Diminati 10 Ribu Pendaftar, Mentrans Iftitah Sulaiman Minta Seleksi Ekspedisi Patriot 2026 Objektif
Mentrans Iftitah Sulaiman Minta proses rekrutmen hingga pengumuman kelulusan peserta Ekspedisi Patriot 2026 dijalankan secara transparan.
Ringkasan Berita:
- Menteri Transmigrasi RI, Muhammad Iftitah Sulaiman Suryanagara mengeluarkan arahan tegas ke seluruh perguruan tinggi mitra pelaksana seleksi Tim Ekspedisi Patriot (TEP) 2026.
- Iftitah menginstruksikan agar proses rekrutmen hingga pengumuman kelulusan para peserta dijalankan secara transparan.
- Arahan ini disampaikan menjelang pengumuman hasil seleksi TEP 2026 yang pada tahun ini mencatatkan antusiasme sangat tinggi dari generasi muda di tanah air.
TRIBUNNEWS.COM, JAKARTA - Menteri Transmigrasi RI, Muhammad Iftitah Sulaiman Suryanagara mengeluarkan arahan tegas kepada seluruh perguruan tinggi mitra pelaksana seleksi Tim Ekspedisi Patriot (TEP) 2026.

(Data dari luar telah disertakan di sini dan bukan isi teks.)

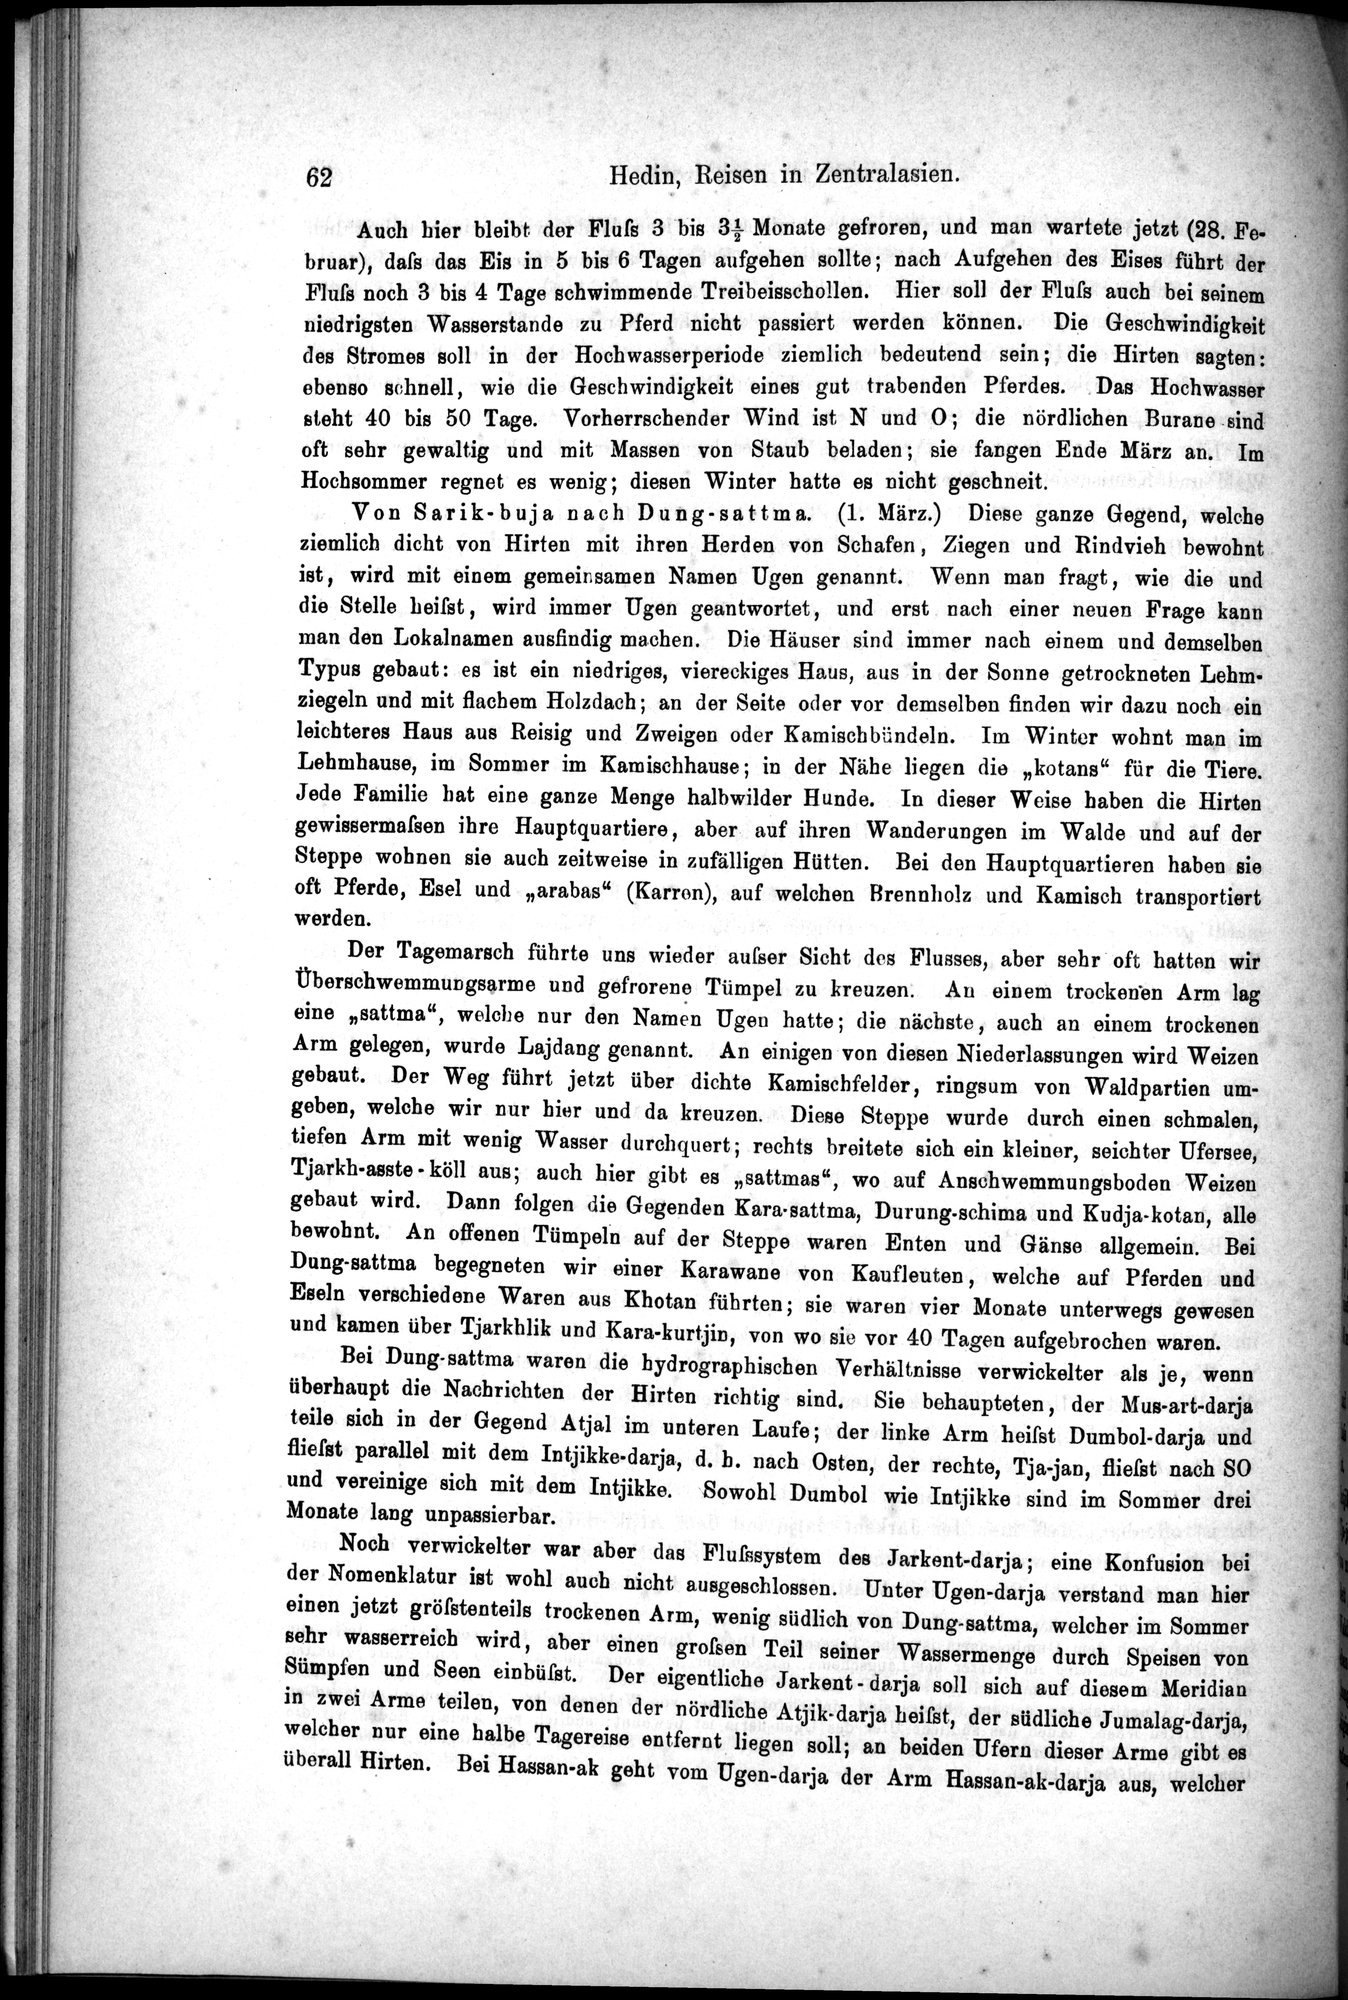 Die Geographische-Wissenschaftlichen Ergebnisse meiner Reisen in Zentralasien, 1894-1897 : vol.1 / Page 74 (Grayscale High Resolution Image)

Ia menginstruksikan agar proses rekrutmen hingga pengumuman kelulusan para peserta dijalankan secara transparan, objektif, profesional, serta akuntabel tanpa adanya intervensi pihak luar.
Arahan ini disampaikan menjelang pengumuman hasil seleksi TEP 2026 yang pada tahun ini mencatatkan antusiasme sangat tinggi dari generasi muda di tanah air.
Hingga batas akhir pendaftaran, tercatat sebanyak 10.359 peserta dari hampir 1.992 perguruan tinggi di seluruh Indonesia mendaftarkan diri.
Sementara, kuota yang tersedia hanya untuk 1.230 peserta dan 246 ketua tim.
"Keberhasilan Program Tim Ekspedisi Patriot tidak hanya diukur dari jumlah peserta yang diberangkatkan, tetapi juga dari kemampuan kita menjaga kepercayaan publik terhadap proses yang dijalankan," ujar Iftitah di Jakarta, Selasa (2/6/2026).
Baca juga: Kementrans Kembangkan Potensi 154 Kawasan Transmigrasi dari Riset Tim Ekspedisi Patriot 2025
Iftitah menjelaskan, Kementerian Transmigrasi memberikan kepercayaan penuh kepada jajaran akademisi di perguruan tinggi mitra untuk menjalankan proses seleksi sesuai standar akademik dan integritas masing-masing institusi.
Pihak universitas diminta membuka secara transparan kriteria, mekanisme, serta prinsip penilaian yang digunakan dalam menyaring para pendaftar.
Ia juga menegaskan tidak boleh ada arahan khusus, titipan tempat, maupun perlakuan istimewa terhadap nama-nama tertentu selama proses seleksi berjalan.
"Tim Ekspedisi Patriot tidak mencari peserta yang memiliki akses atau kedekatan paling kuat, melainkan peserta yang memiliki kapasitas terbaik untuk mengabdi kepada Indonesia. Lebih baik kita kehilangan peserta yang memiliki kedekatan, daripada kehilangan peserta terbaik yang memiliki kapasitas," tegas Iftitah.
Guna mendukung prinsip transparansi, Iftitah meminta agar seluruh dokumen fisik maupun hasil penilaian digital didokumentasikan dengan rapi.
Arsip ini dinilai penting sebagai bentuk pertanggungjawaban publik serta bahan evaluasi berkala di masa mendatang.
Baca juga: Apresiasi Laporan Tim Ekspedisi Patriot UI, Mentrans Siap Tindaklanjuti untuk Bisa Menarik Investasi
Bagi pendaftar yang nantinya tidak lolos seleksi, Iftitah mengingatkan agar tidak berkecil hati.
Kegagalan tersebut murni merupakan konsekuensi logis dari keterbatasan kuota program dibandingkan jumlah pendaftar yang melimpah.
Sebagai bentuk keberlanjutan program, kementerian akan merangkul seluruh pendaftar melalui wadah "Komunitas Sahabat Patriot".
Komunitas ini diproyeksikan sebagai ruang belajar, kolaborasi, dan aktualisasi pengabdian pemuda bagi kemajuan desa dan kawasan transmigrasi.
"Seluruh pendaftar adalah aset bangsa. Yang membedakan hanyalah kesempatan dan waktu pengabdiannya," tandas Iftitah.